Testing finally became more available early this week with testing now available through LabCorp and Quest Diagnostics, but a new problem has arisen and testing continues to be a big barrier to an effective response.
Many doctors and hospitals are unable to get their hands on the actual COVID-19 testing kits (swabs and transport medium). So even though commercial testing is available, if clinicians don’t have the swabs and transport media to get the specimens to the lab then they can’t get the testing done.

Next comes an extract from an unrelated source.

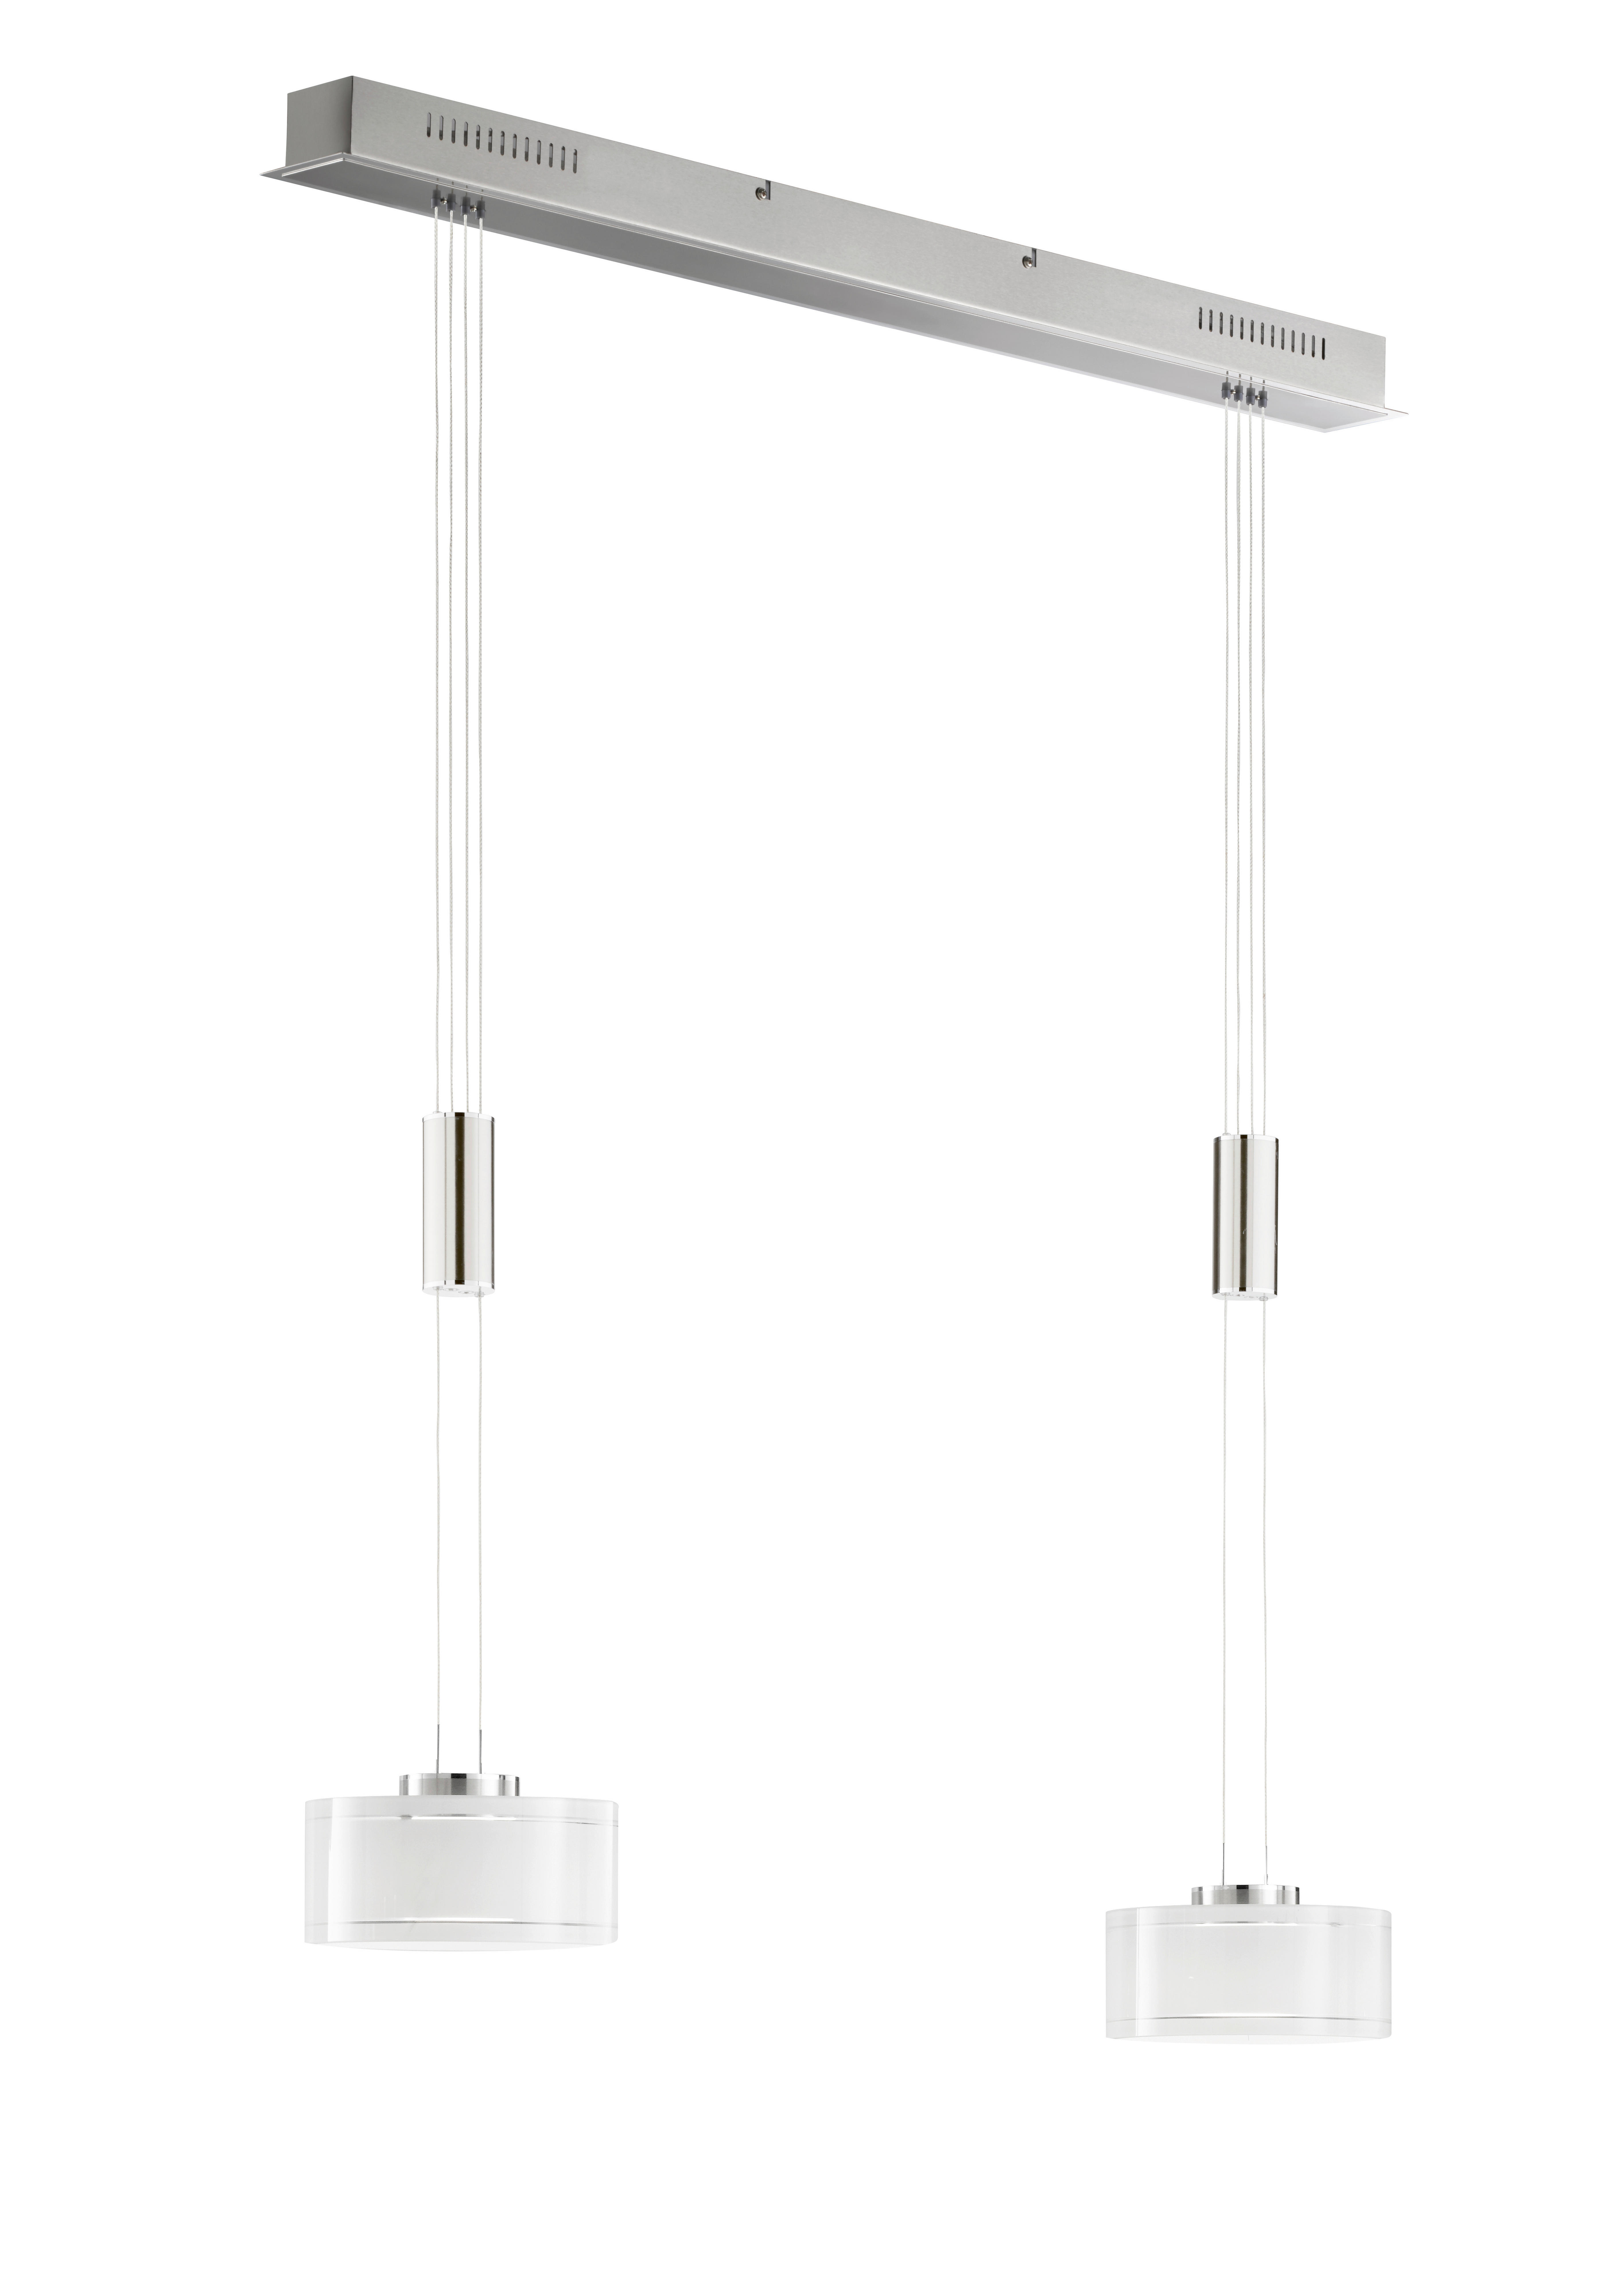 LED-HÄNGELEUCHTE Lavin 64/20/150 cm   - Chromfarben/Nickelfarben, Design, Glas/Metall (64/20/150cm) - Fischer & Honsel

Some hospitals, clinics and clinicians do still have swabs and transport media- but many don’t.
Last week the ADHS offered the following advice and resources:
“Fisher Scientific has E-Swab by Copan (Catalogue # 481C and 482C) and Opti-Swab by Puritan (Catalogue # LA-117), available but they are on a 2-week backorder. These are Aimes-based kits instead of VTM, but the FDA medical device website indicates that these can be used for COVID testing. https://www.fda.gov/medical-devices/emergency-situations-medical-devices/faqs-diagnostic-testing-sars-cov-2”
“You can also reach out directly to the FDA hotline (1-888-INFO-FDA) 24 hours a day for labs to call regarding difficulties obtaining supplies for collecting patient specimens for COVID-19 testing, including swabs and transport medium.”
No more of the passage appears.